This year’s Mobile World Congress wasn’t all about 5G hype – there was plenty of hype around artificial intelligence as well. At least in the press releases. On the exhibition floor and in the conference sessions, there was (mostly) more grounded conversation about what AI can and can’t do, the challenges of implementation, potential apps and business cases, or sometimes just trying to figure out just what the hell AI is.
I sat in on some AI-themed keynotes and panel sessions on Wednesday. Here are six quick takeaways I learned about the wild world of practical AI.
1. AI products aren’t that smart yet
Telefónica has been harnessing AI not only for its Aura platform but also internally for improving operations and processes. The challenge with the latter, said Angela Shen-Hsieh, Telefónica’s director of predicting human behavior, is that it’s a “roll your own” process because there aren’t many AI solutions that are smart enough yet to do what Telefónica needs them to do.
“We have to learn how to do it ourselves, which limits how much we can scale,” she said. “We’re waiting for the next wave of technology to address specific problems.”
2. For internal usage, AI needs to be cultural, not a department
Gabriela Styf Sjöman, VP of group networks at Telia, said that the decisions about how to prioritize where artificial intelligence is applied to internal processes are distributed rather than centralized – and that’s a good thing.
“You don’t want one AI team directing it – it has to be a cultural thing where everyone accepts it,” she said. “Otherwise you have engineers who always ask, ‘Are you sure this algorithm is really making better decisions than my manual work?”
3. AI needs the right data, not all the data
When big data first became a buzzword a few years ago, we heard a lot about how the more data you threw into the analytics engine, the more insights you could pluck from it, including insights you might not have been looking for in the first place.
Turns out that doesn’t work for artificial intelligence designed for specific apps (as opposed to generalized AI that is designed to replicate human thinking).
“You need to choose the right data for AI systems to realize the benefits,” said Georg Polzer, chairman and co-founder of Teralytics. “AI is built by the data we feed it.”
Picking the right data also means having a clear understanding of what it is you want your AI to do. Dr. Min Wanli, chief machine intelligence scientist at Alibaba Cloud, said it’s essential to build AI around the business case, not the other way around.
“Our approach is business first, technology second,” he said. “First you need to define the problem you want to solve. Then you give the appropriate data to the tech people.”
4. GDPR will be good for AI
It may be as well that AI doesn’t need massive amounts of data since the European Union’s GDPR law is coming into effect in May, which could make it more difficult for companies to hoover up lots of data to feed into AI-powered apps anyway – at least without the consent of consumers. But members of a panel discussion on AI and digital transformation agreed that GDPR won’t negatively impact AI – quite the opposite, in fact.
“I think it’s good because it forces us to use data in a good way,” said Sjöman of Telia. “It governs how we use it.”
“It challenges us to provide real value in exchange for the consent of the customer to use their data,” added Shen-Hsieh of Telefónica.
5. Digital assistants need language expertise
The digital assistant craze has been pioneered by the likes of Amazon, Apple and Google, but it’s something that telcos are also looking at doing. However, it’s harder than it looks, and it’s not simply a matter of how smart the underlying AI technology is – you also need a fundamental understanding of how language works.
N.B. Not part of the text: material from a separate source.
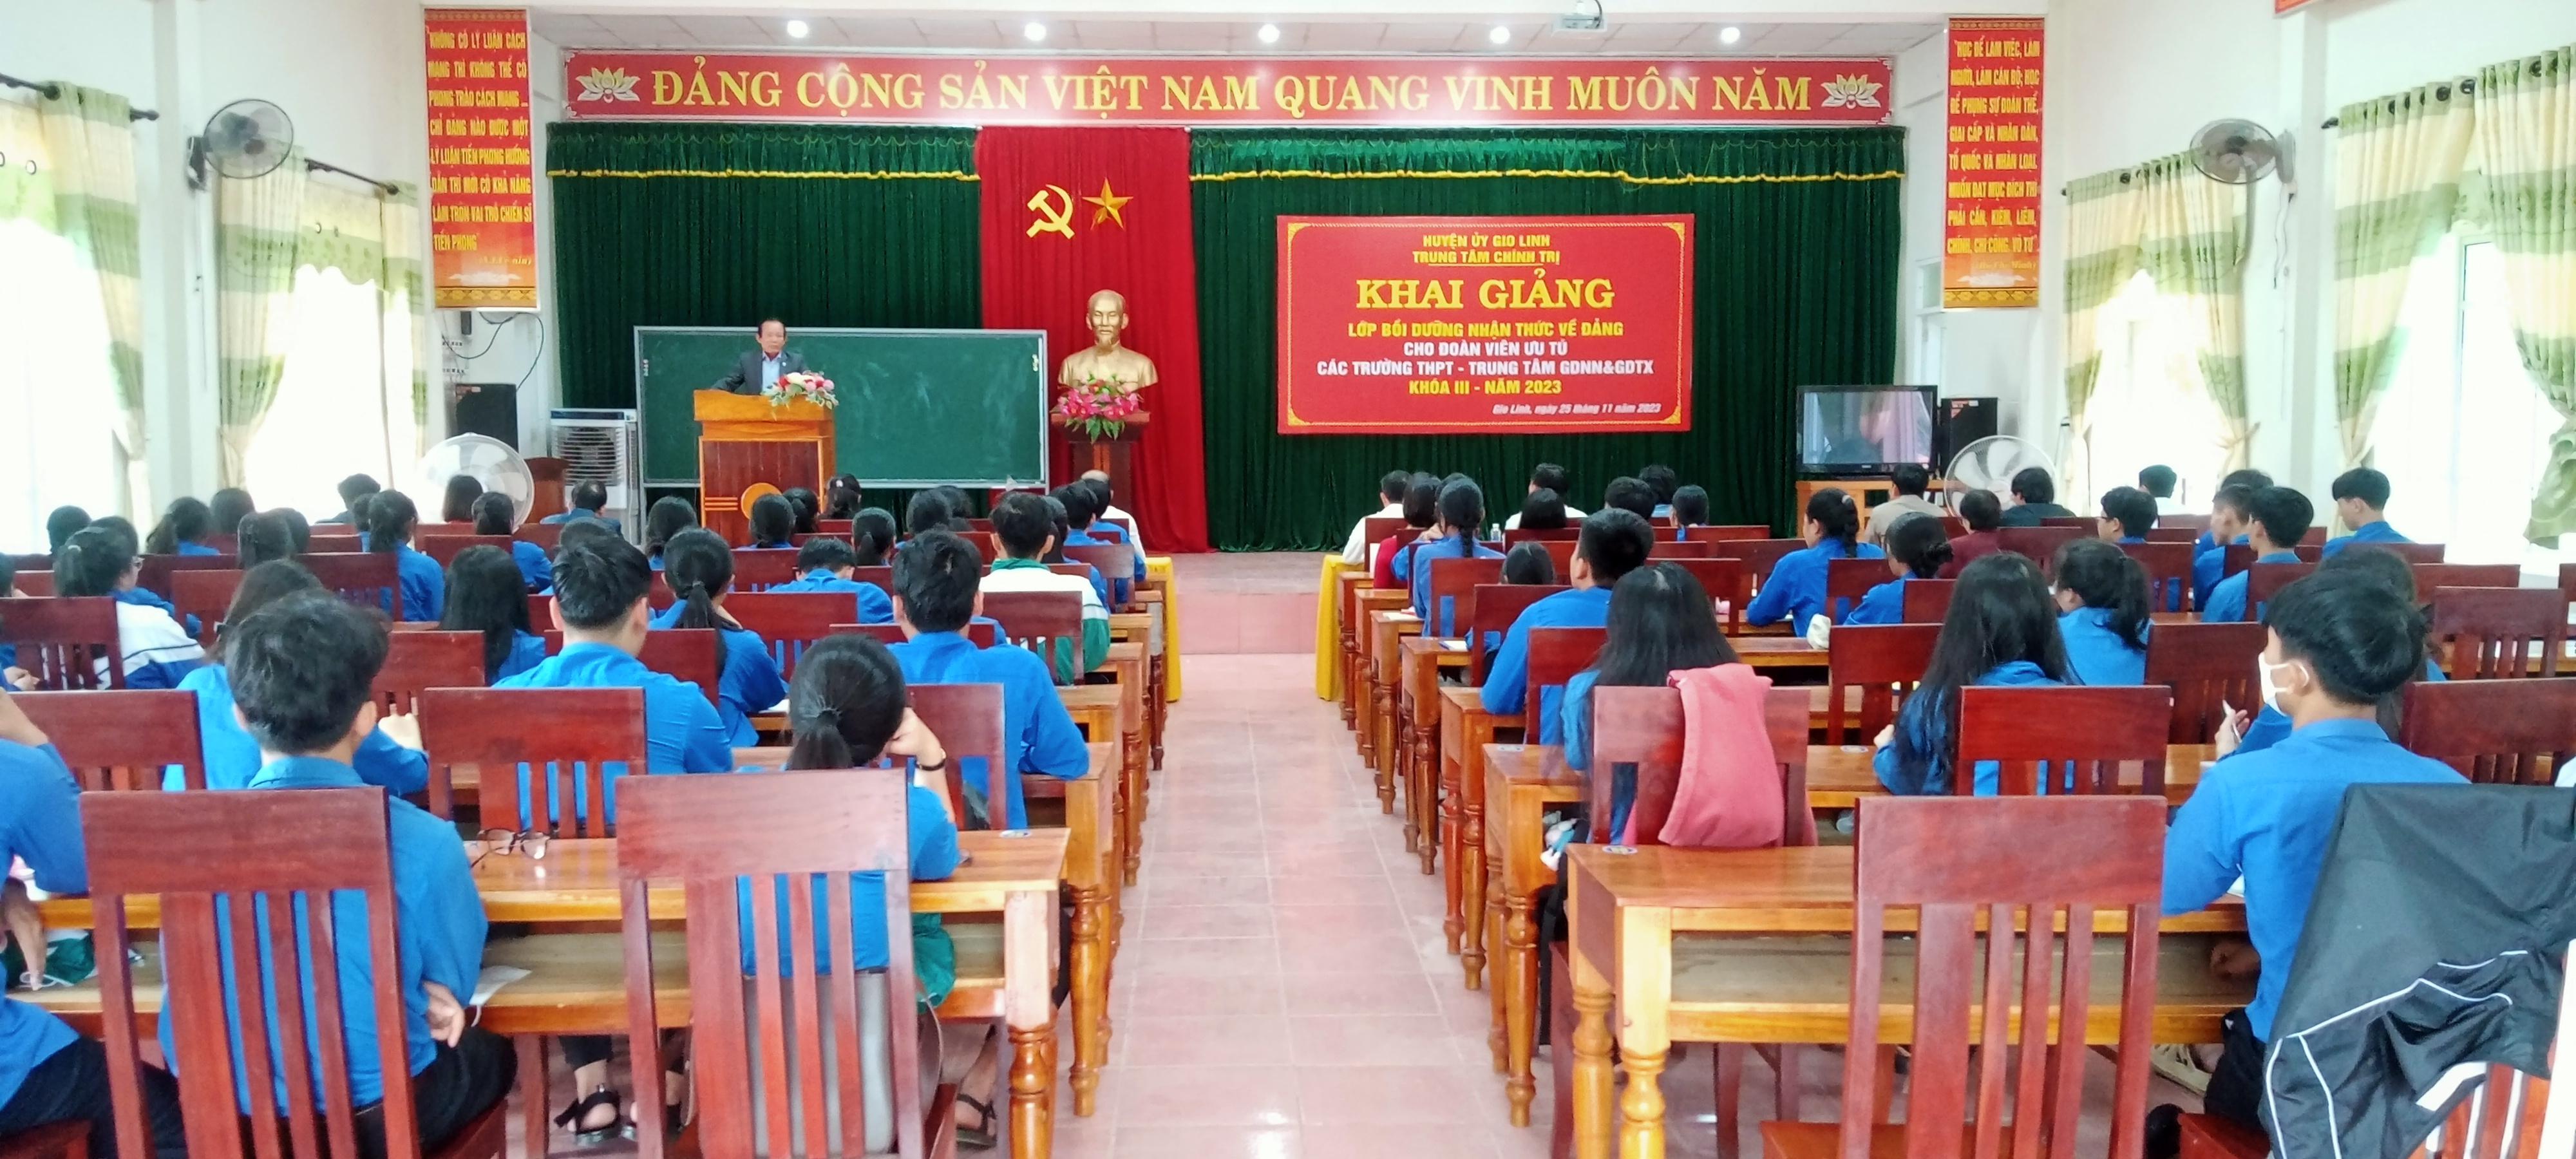 Trung tâm chính trị huyện Gio Linh khai giảng lớp bồi dưỡng nhận thức về Đảng cho học sinh THPT 
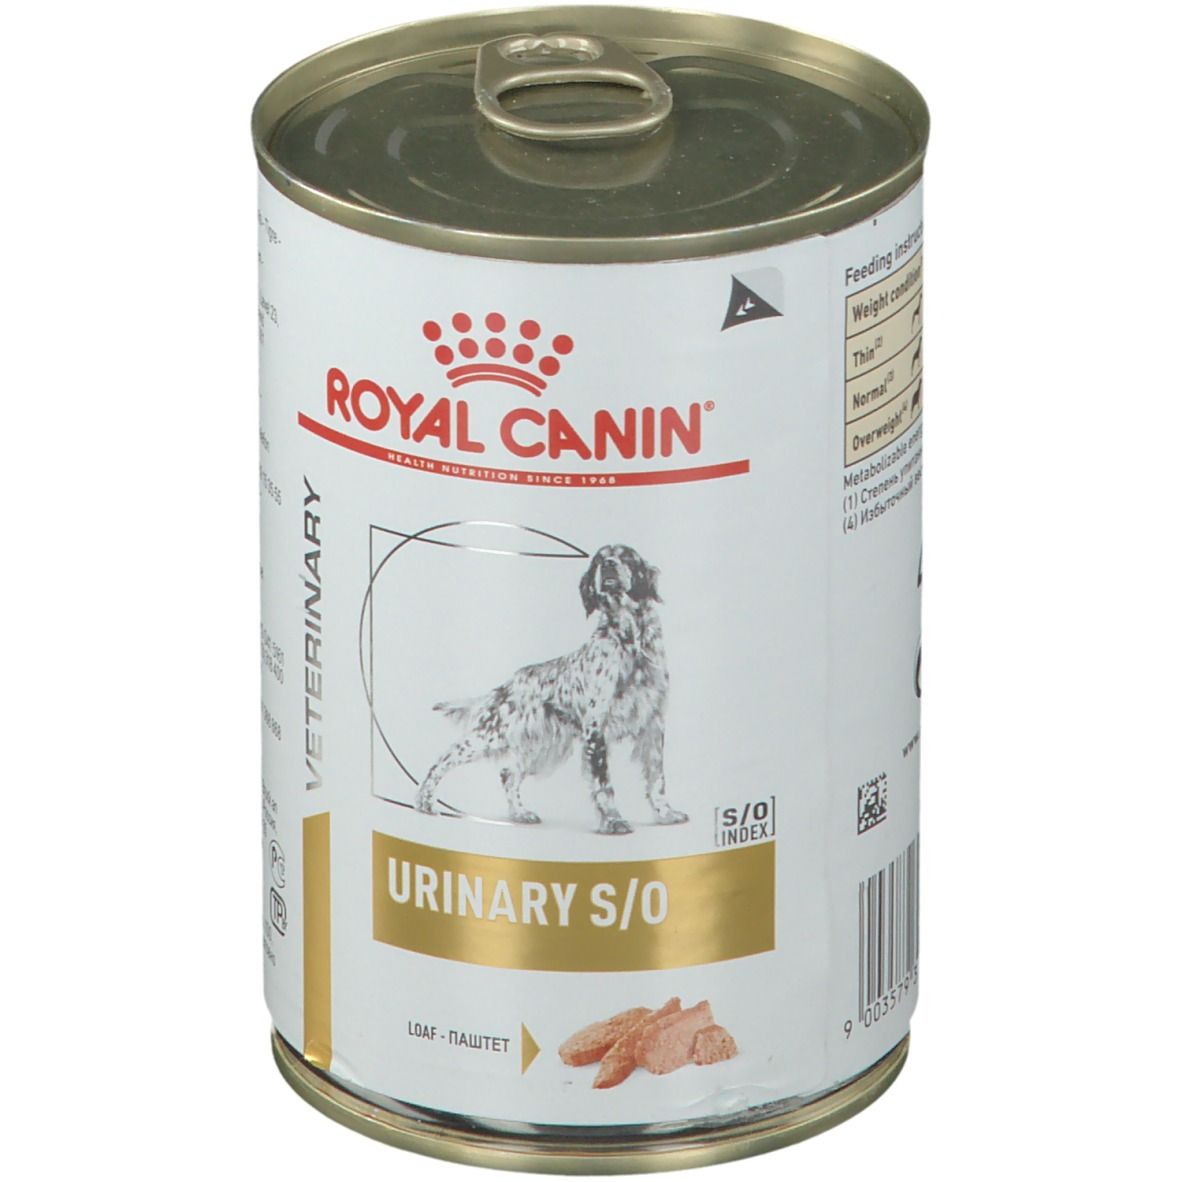 Royal Canin Veterinary Canine Urinary S/O

Oren Jacob, founder and CEO of PullString, explained in a keynote that voice-activated digital assistants like Alexa or Siri are designed to replicate a human conversation. One facet of conversation is that it’s literally impossible to separate a conversation from the person you’re having it with because of the way language works – which is why the digital assistant has to be a full-fledged character in order to hold up its end of the conversation.
“Your voice app should have a character, a backstory, motivation, tone, mood and style,” Jacob said.
You also have to think about how the assistant reacts under pressure (i.e. it can’t answer a question or says the wrong thing because it hasn’t realized you switched topics). He also said it’s important to develop a DA’s personality to engage and retain the audience, but don’t push it too far or you may polarize or alienate them.
6. AI robots are safe, it’s humans you need to worry about
During a keynote on the topic of AI-powered robots, MOV.AI founder and CEO Limor Schweitzer said that when it comes to making sure robots perform their tasks safely, it’s really just a matter of getting the engineering right.
“Just about anything that can be thought of in terms of safety can be engineered into a robot to prevent it, or it can be engineered into the environment in which the robot operates,” Schweitzer said.
The challenge, he added, is that you can’t predict what humans will do in that environment. “If humans abuse the robot in a way we haven’t predicted, the robot might retaliate.”